TASK PROMPT:
Without changing a thing, reproduce the entire listing and leave out its pictures.

AVAILABLE DATA:
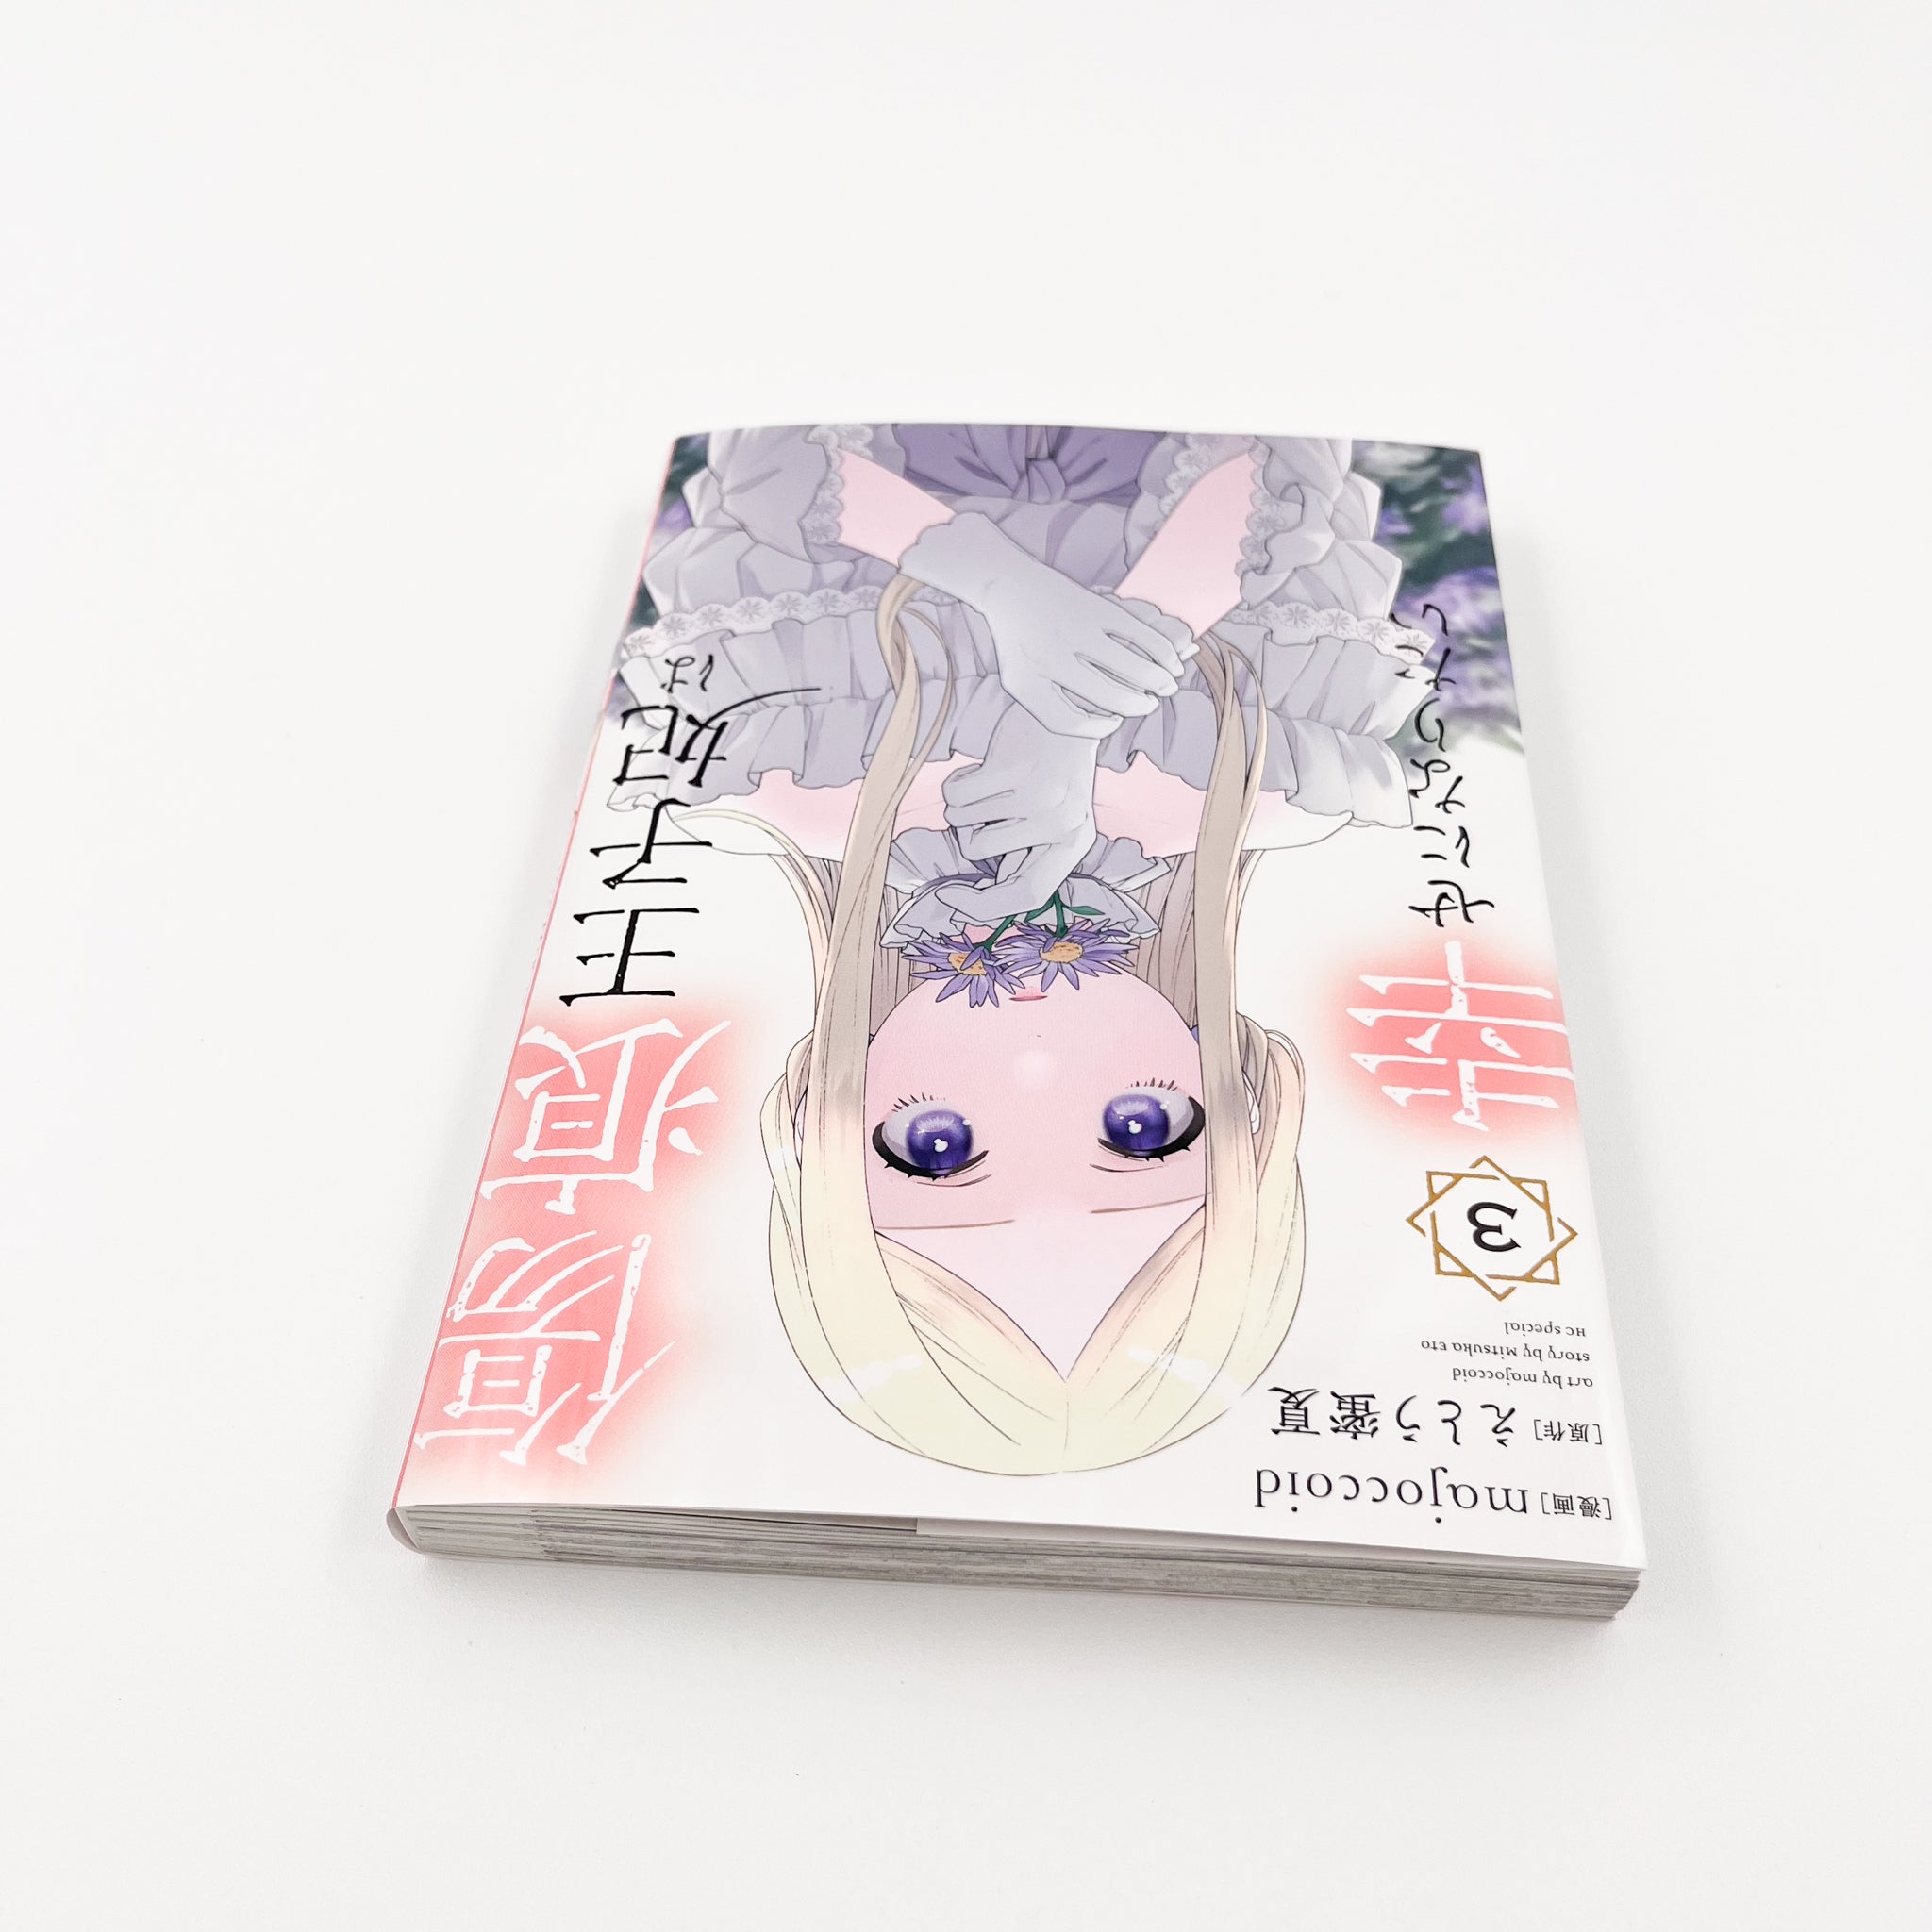 Kizuato Ouji Hi wa Shiawase ni naritai volume 3 side view
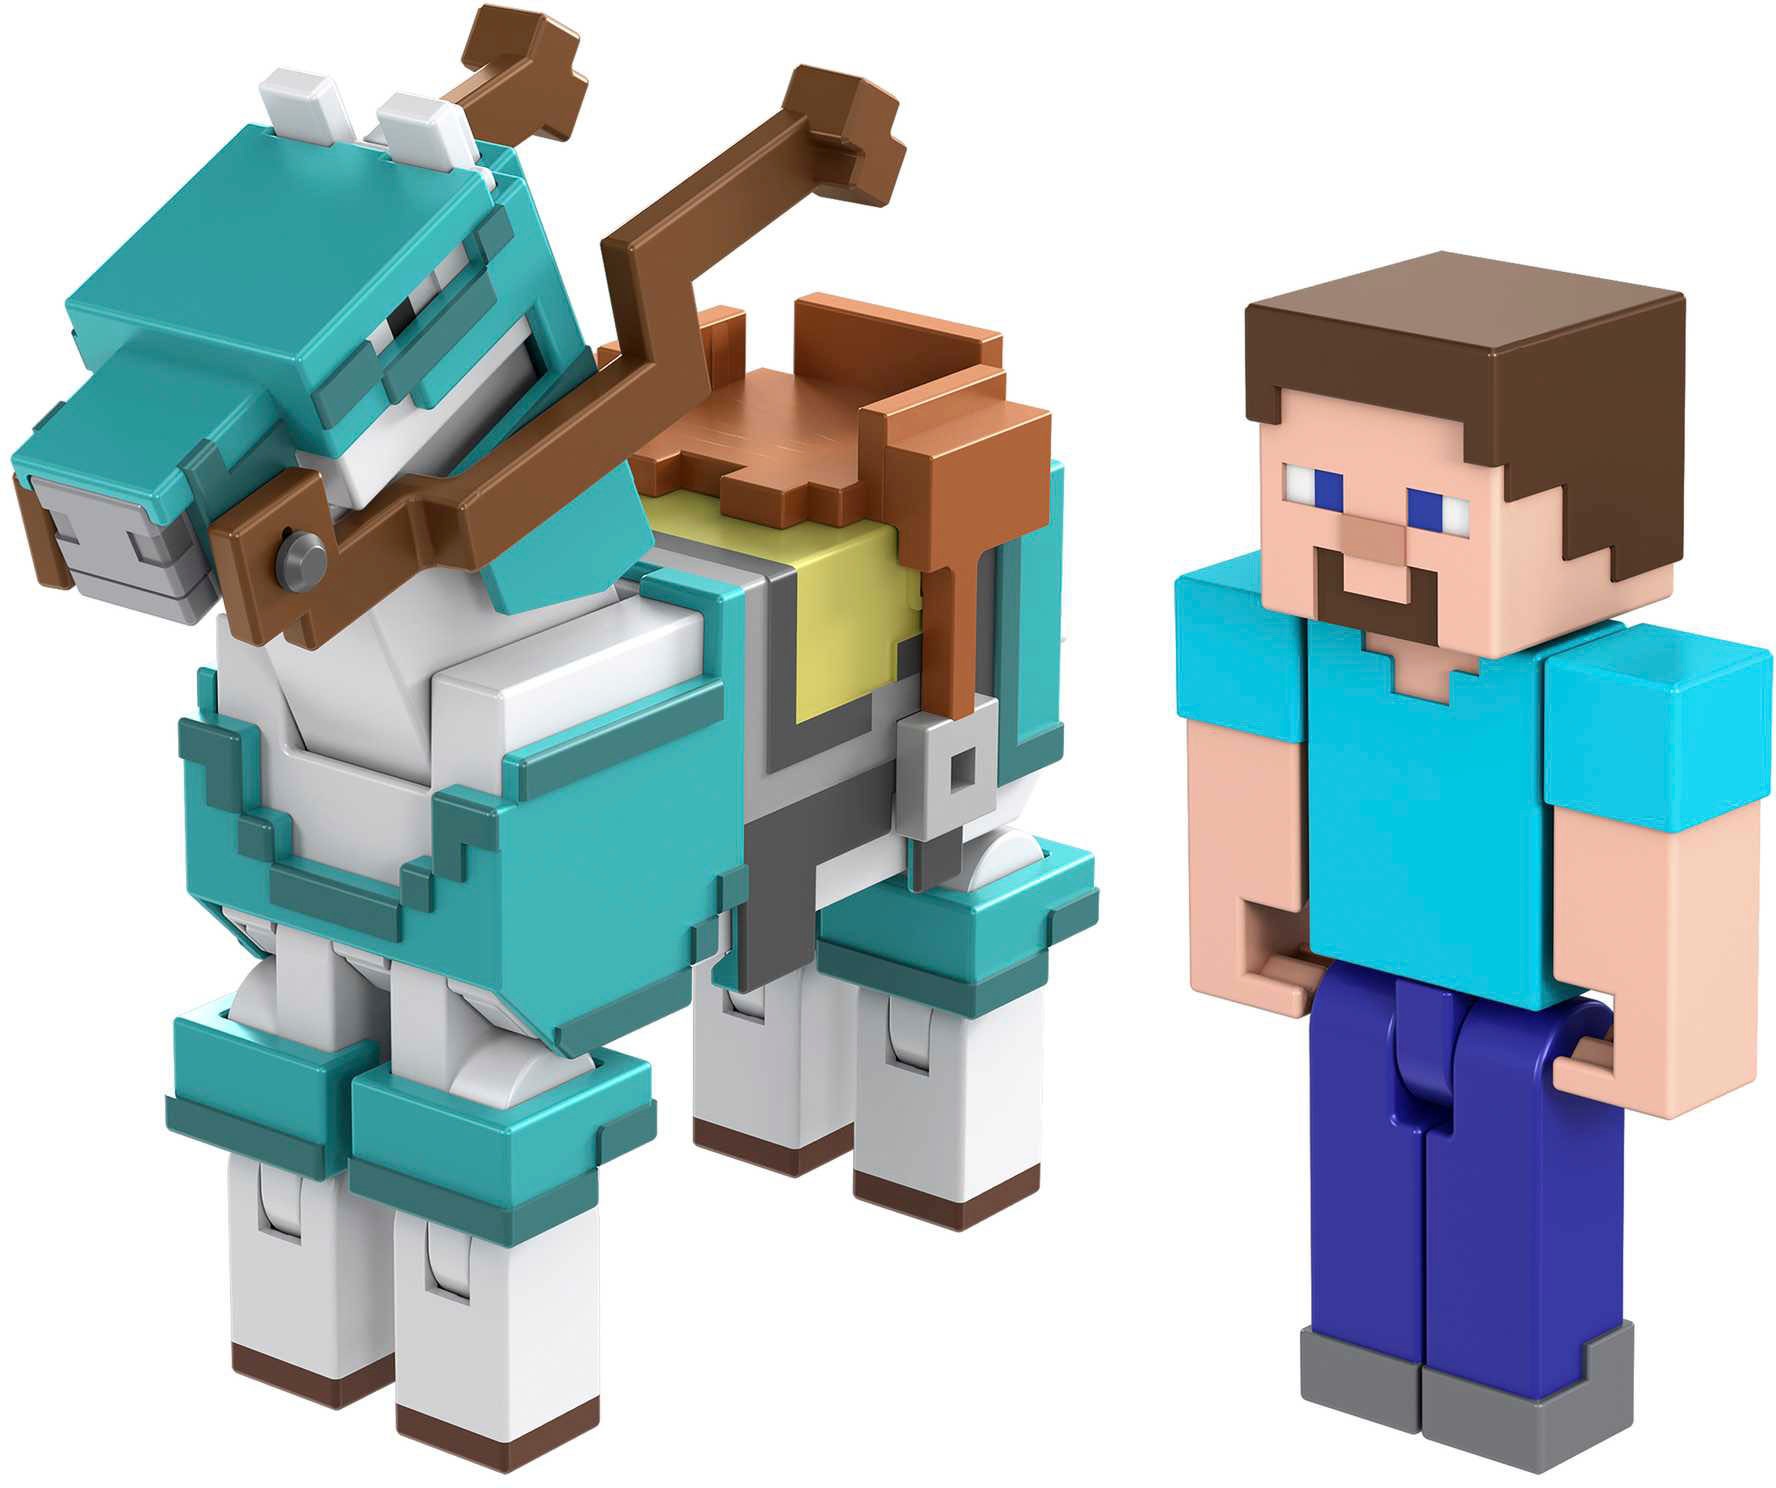 Mattel® Spielfigur »Minecraft, Armored Horse and Steve«
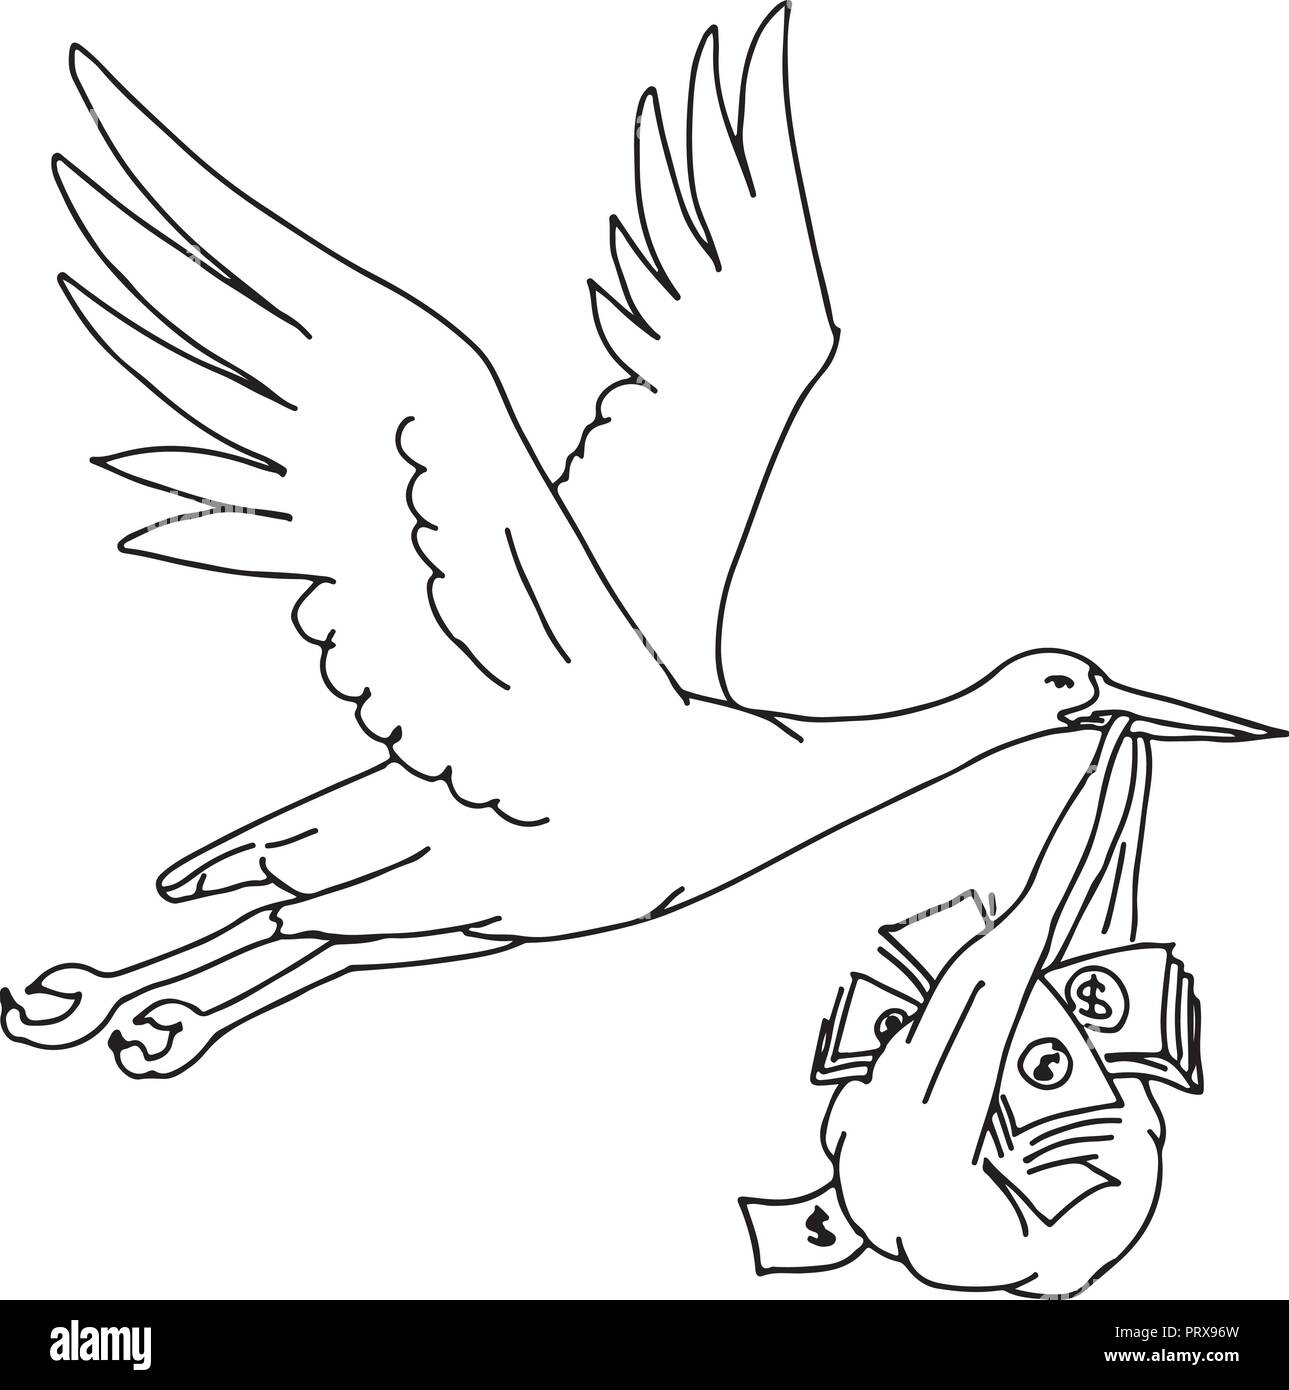 Zeichnung Skizze stil Abbildung: ein Storch, Kran, Reiher oder Ibis, eine grosse, langbeinige, Langhalslaute waten Vogel mit einem langen, stout Rechnung tragen oder de Stock Vektor

TASK OUTPUT:
 Kizuato Ouji Hi wa Shiawase ni naritai volume 3 side view
 Mattel® Spielfigur »Minecraft, Armored Horse and Steve«
 Zeichnung Skizze stil Abbildung: ein Storch, Kran, Reiher oder Ibis, eine grosse, langbeinige, Langhalslaute waten Vogel mit einem langen, stout Rechnung tragen oder de Stock Vektor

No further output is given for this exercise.